Note that the created_at and updated_at fields are being stored as timestamp with time zone because that’s all that Gorm can do when working with time.Time objects so an alternative would be to use iso strings but eek I could just deal with a UTC casting here and there - I’ll let you decide what you want to do from there.

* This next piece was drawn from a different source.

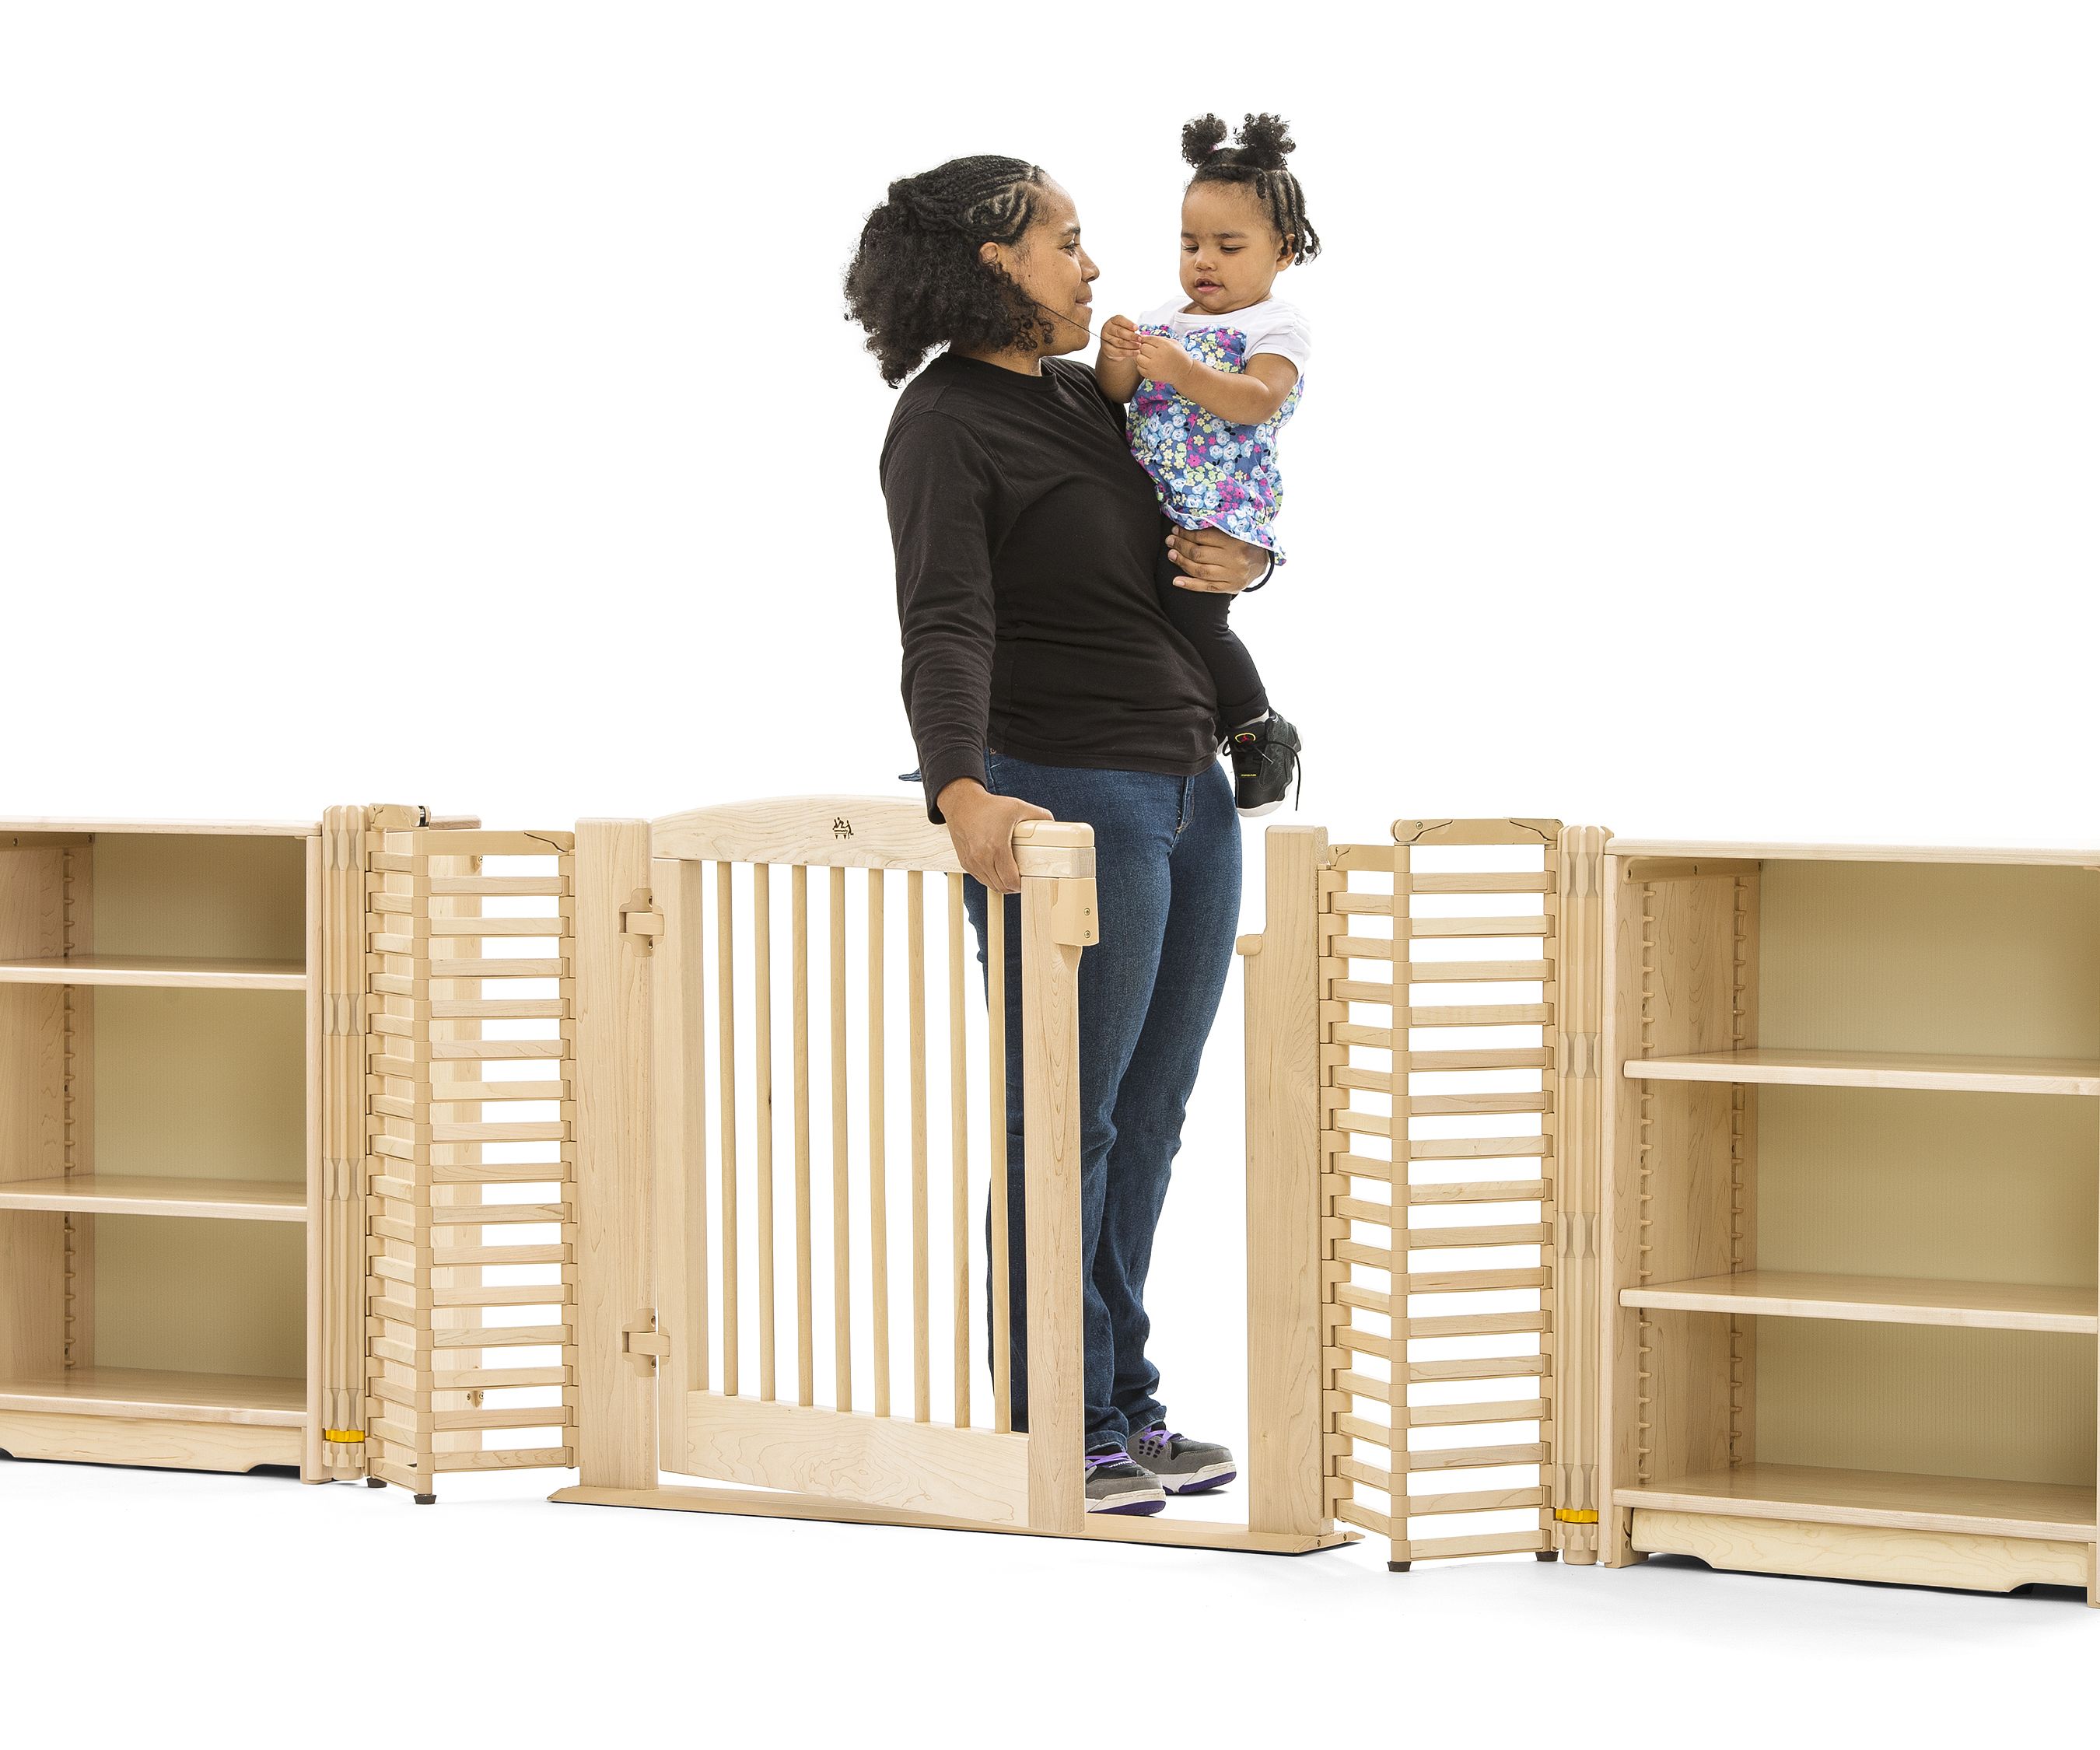 Baby Proofing Montgomery - This gated TV nook helps create a safer play  space for the little ones. #GatedTVNook #InfantSafety #ToddlerSafety  #ChildSafety #PreventTipsOvers #PreventAccidents #ChildProof #BabyProof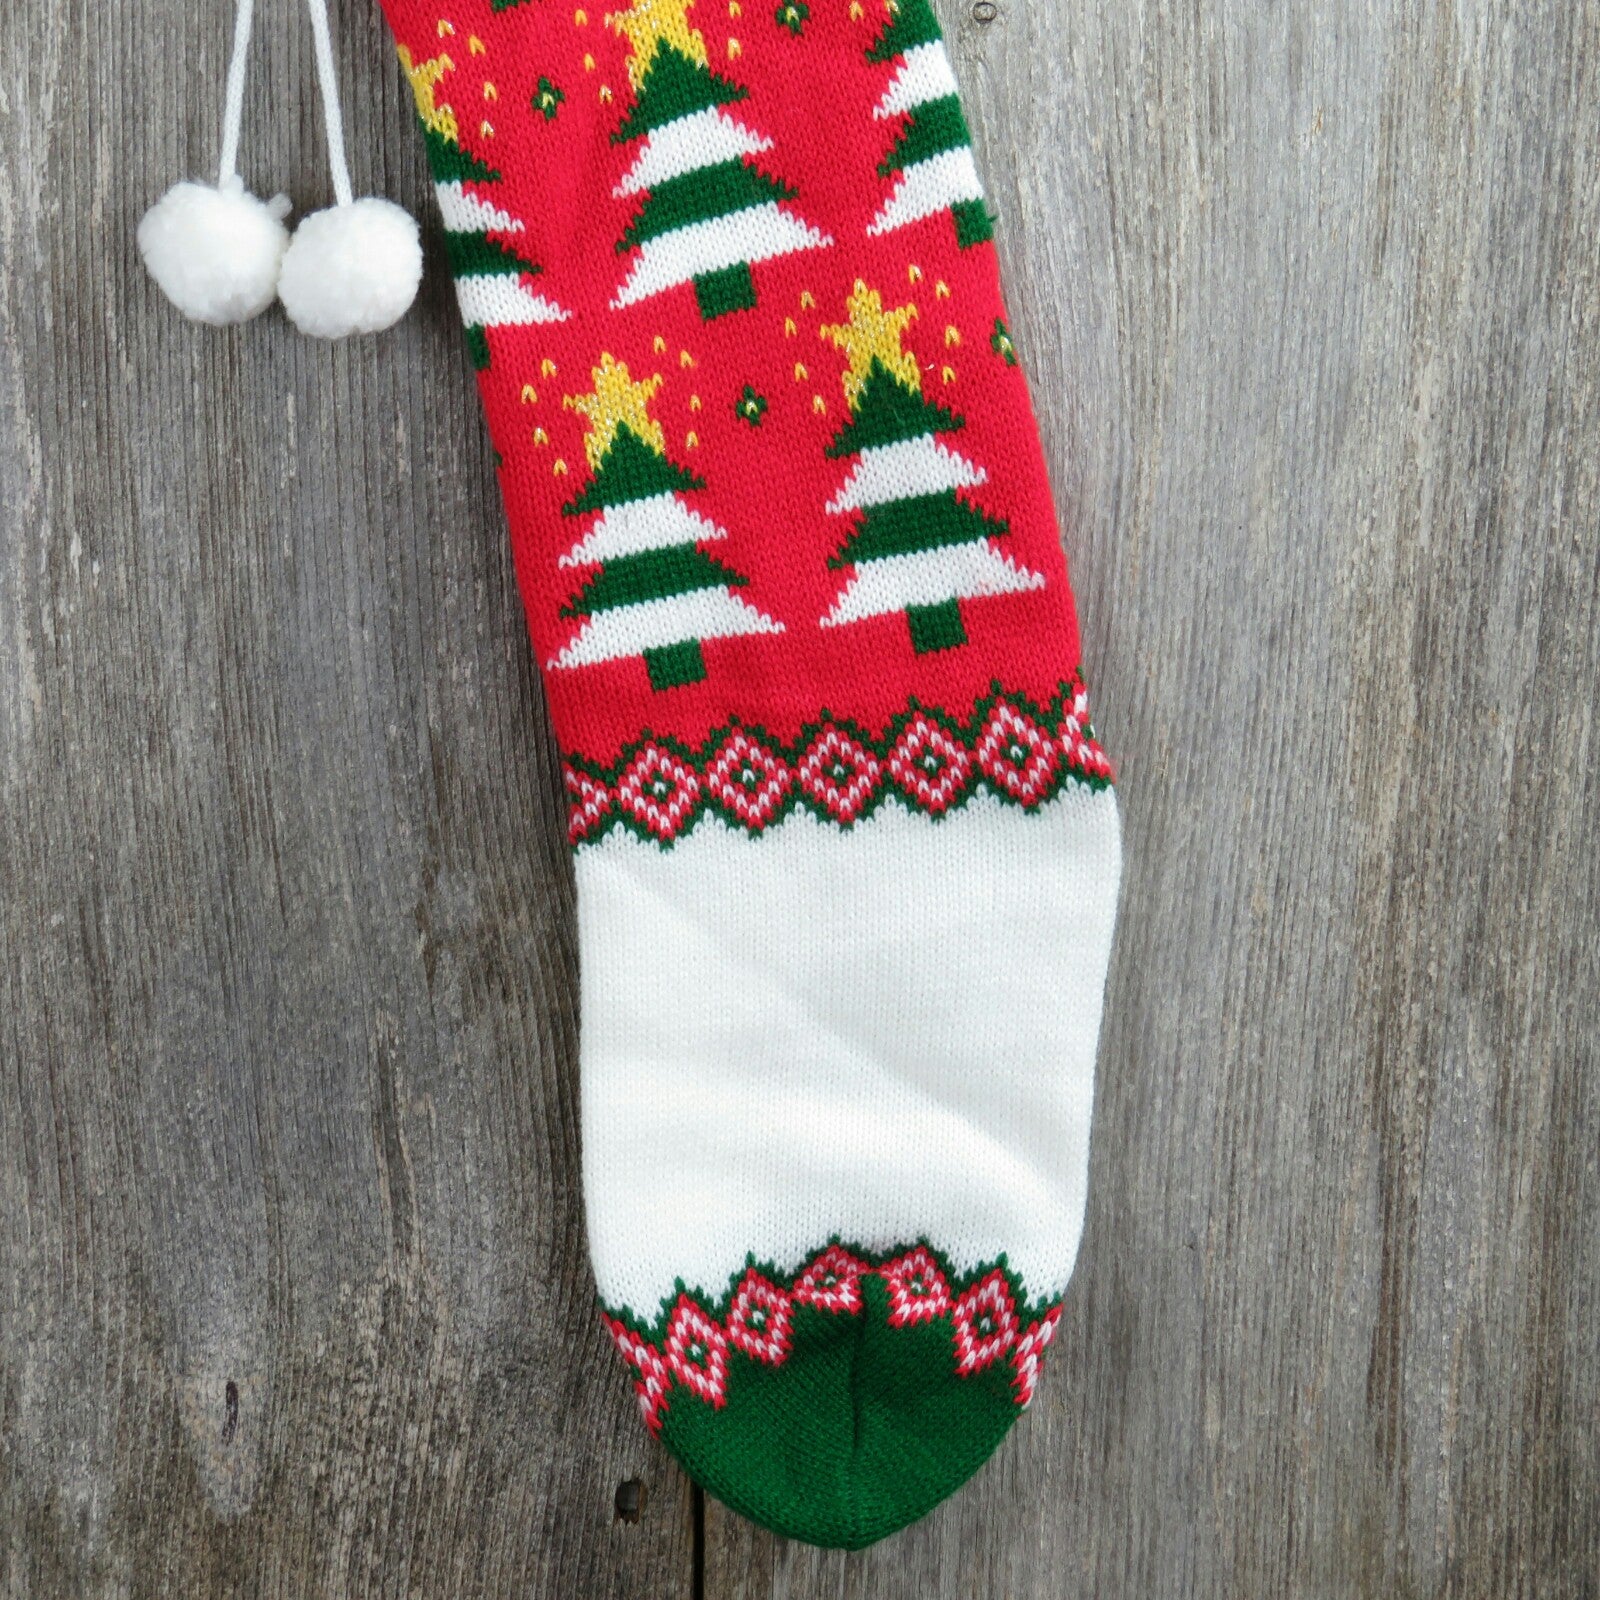 Vintage Tree Striped Stocking Knit Red Green Christmas Knitted Star White Poms Holiday Decor 1980s - At Grandma's Table

This was a great little exercise but I’m probably not going to build anything super mission critical using gin and gorm anytime soon without making sure I can keep all my data’s times in UTC, deliver comprehensive error messages for data validation, simple background task processing, and more. For mission critical stuff, I’m still going to stick to Rails, Sinatra, FastAPI, and Django for the time being.

Moreover, this api isn’t fully featured, nor is it production ready, but I would recommend reading through the code to understand how to build modular APIs with Gin and Go if you’re interested in starting to write more go.

In the future, I may come back and add a few more things to make this production ready. Some ideas I have to add are; replacing postgres with cockroach db and having gin-sampler deployed to a kubernetes cluster with cockroach db, secure everything with proper SSL, RBAC, a secrets manager, and the works, code coverage, idempotent data migrations, tests, multi-env kubernetes deployment, and swagger docs – oh and UTC timestamps.

If you’re coming from another programming ecosystem like Ruby or Python, building software with go can be a bit daunting at first, but is just as fun, and opens up new perspectives on building applications that offer performance benefits right from the start.